Hice a un lado ese pensamiento. La ausencia de Max no debía estropearme ese momento. Esos dos niños eran mis hijos, ¡dos auténticos Lejongård! Mientras los acariciaba con delicadeza, sentí que los pechos se me tensaban y casi me dolían de lo repletos de leche que estaban.
—Si quiere, puede darles el pecho —dijo la enfermera—. Como usted estaba anestesiada, de momento les hemos dado leche de un ama de cría, pero ahora no hay razón por la que no deba intentarlo.
Miró al médico, que asintió y luego se dirigió hacia la puerta.
—Pasaré más tarde a verla.
—¡Gracias! —dije en voz baja, y volví a mirar al milagro que tenía en mis brazos.
Esa misma tarde, algo después, vino a examinarme una enfermera mayor. Los analgésicos iban perdiendo su efecto y me sentía como si alguien me hubiera arrancado el bajo vientre, pero las piernas seguían ahí y podía moverlas, aunque no quería ni tocarlas de lo mucho que me dolían. La enfermera Krista me cuidaba como una gallina clueca a sus polluelos. Me dio más analgésicos y luego me animó a tomar un poco de sopa de verduras.
—Habría tenido que ver a su marido —dijo, como si eso me resultara un consuelo—. Estaba loco de preocupación. No hacía más que caminar de un lado para otro y preguntarle a cada enfermera que veía. Algunas decían que se moría de miedo. Cuando supo que tanto usted como los niños habían superado el trance, se echó a llorar. El doctor lo ha enviado a casa para que duerma y descanse, porque estaba agotado.
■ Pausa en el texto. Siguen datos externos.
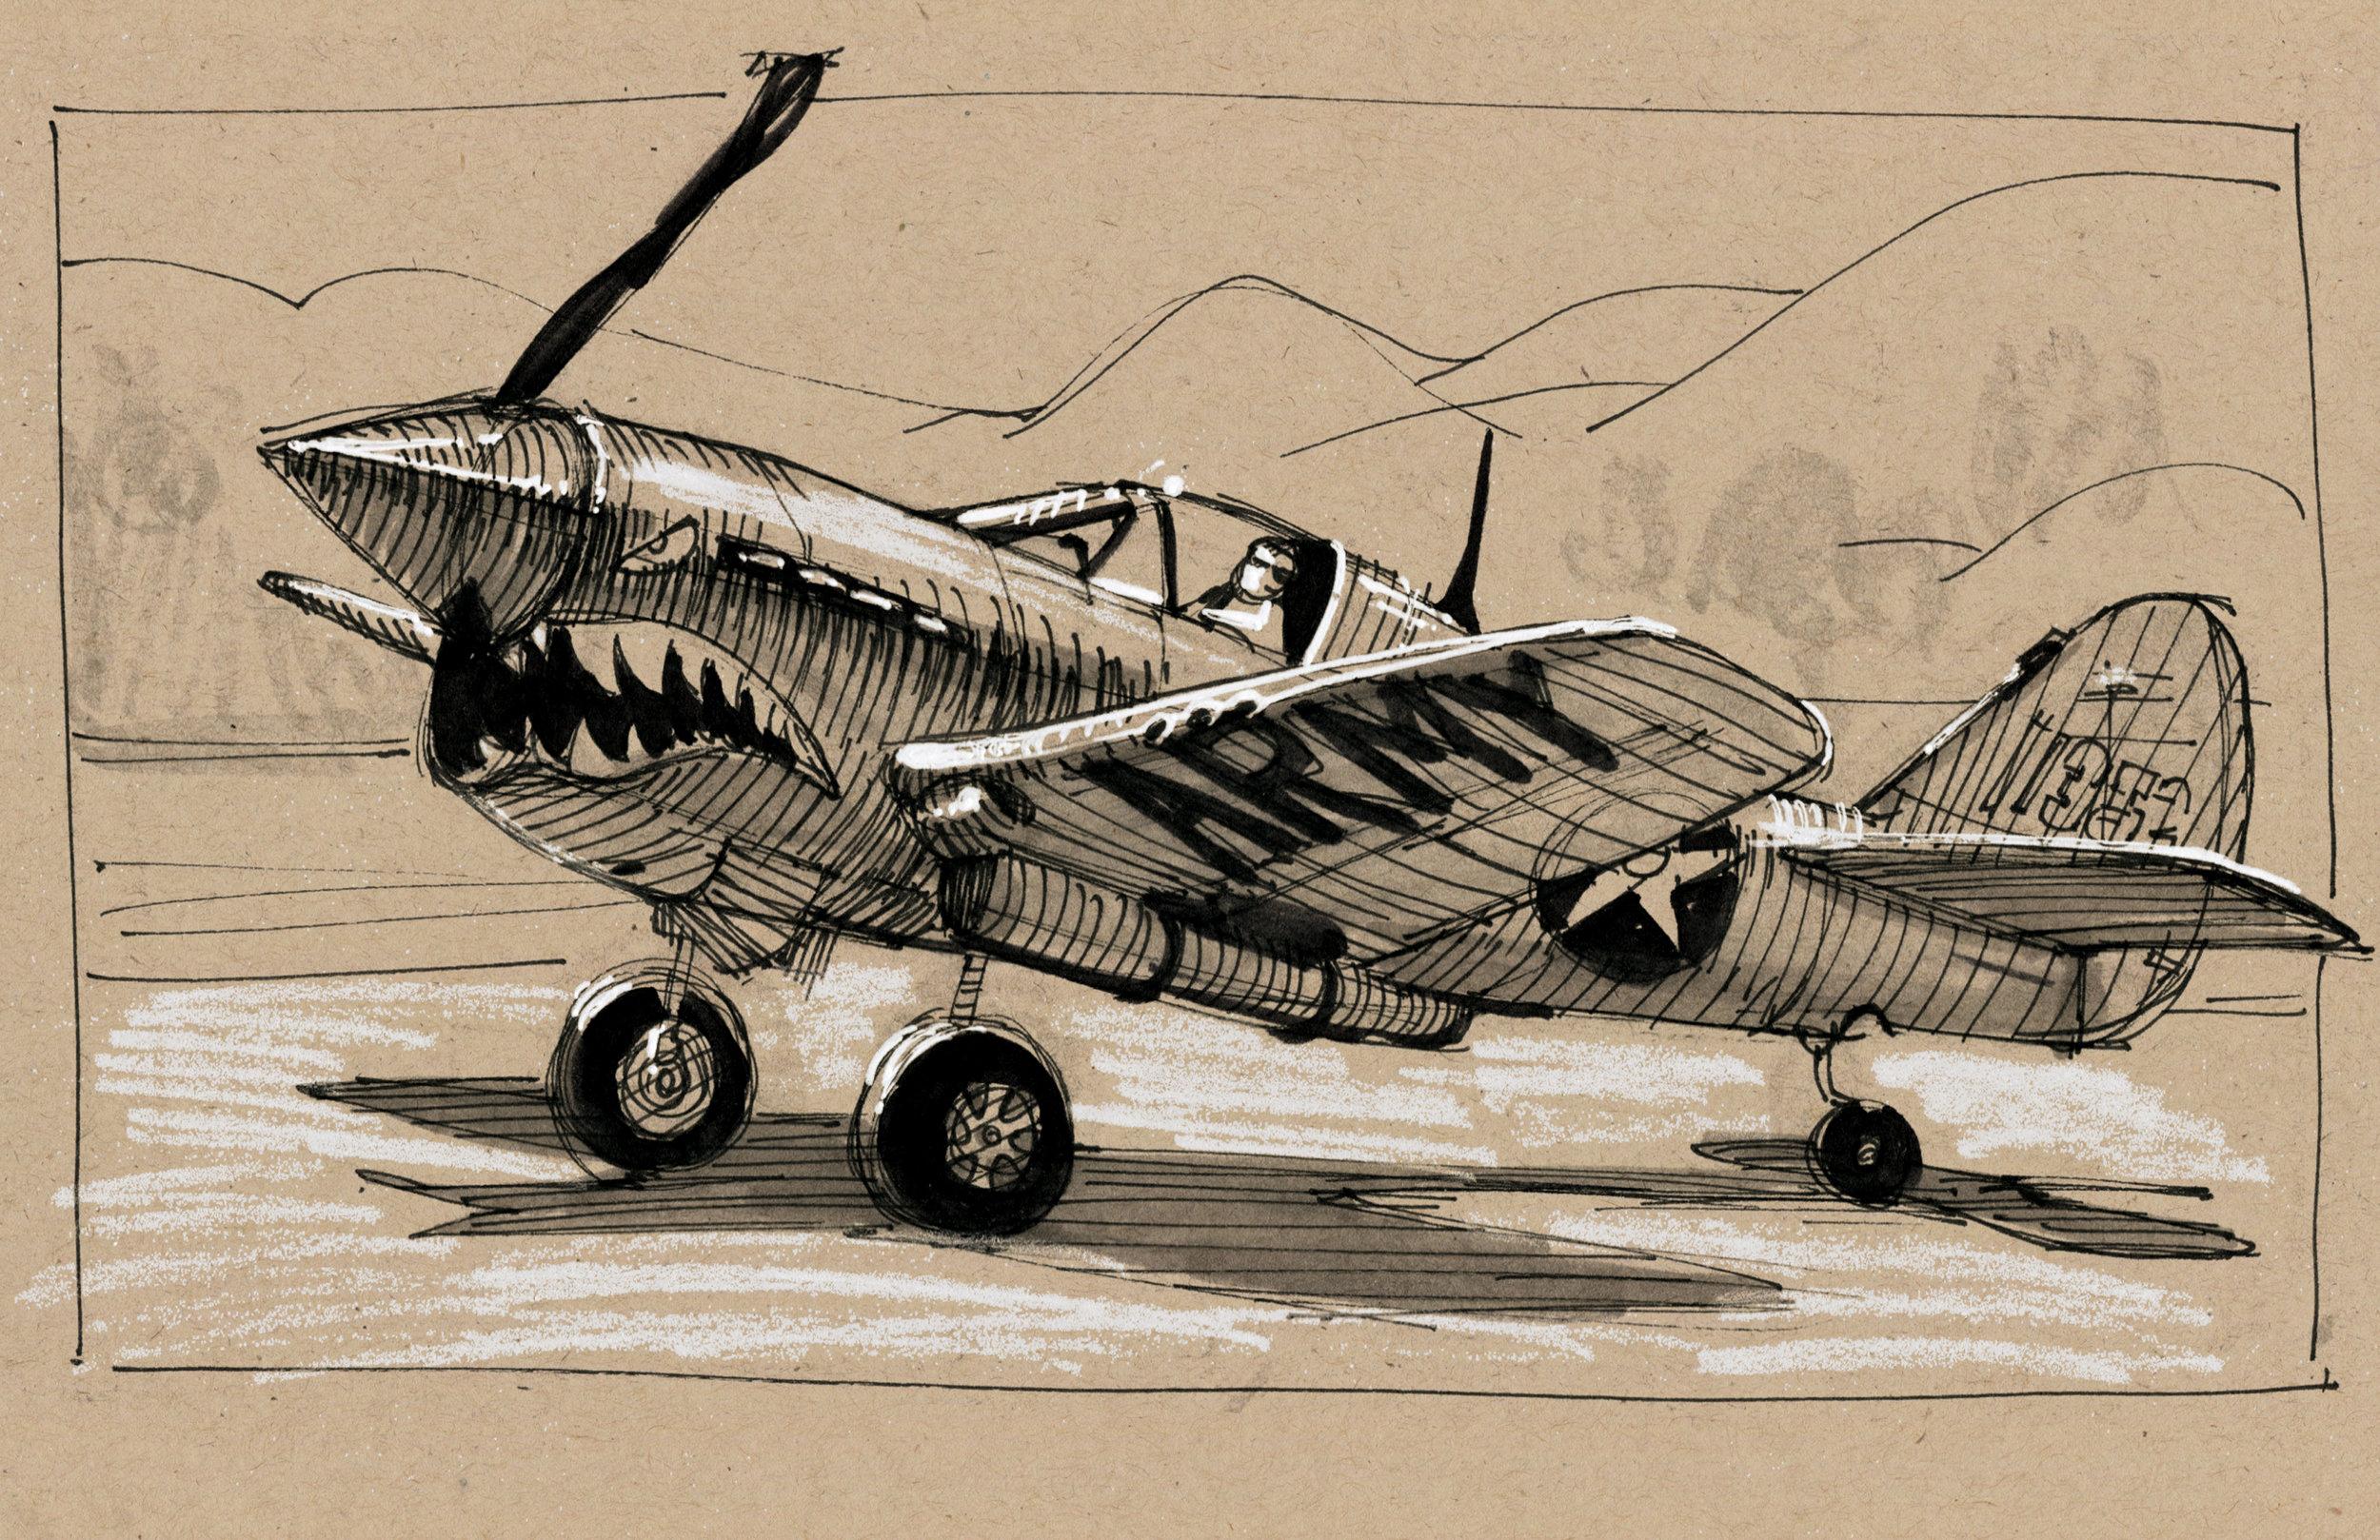 planes03.jpg

¿De verdad hablaba de Lennard? El hombre al que había dejado en la sala de espera era contenido y discreto, ni siquiera me había consolado. ¿Y después se ponía dramático en los pasillos del hospital?
—Se veía claramente lo mucho que la quiere —prosiguió la enfermera, que no parecía esperar ningún comentario por mi parte.
¿Qué habría dicho si supiera cómo era en realidad nuestro matrimonio? Que no podía hablarse de amor, ni siquiera de cariño. Para mí era casi como si describiera a otro hombre. Max, tal vez. No, me dije, Max no está. ¡Olvídate de él! Eso ya queda a medio año de distancia, no ha dado señales de vida, no ha ofrecido ninguna explicación. ¡No te merece! Esa idea me transmitió una extraña sensación de paz.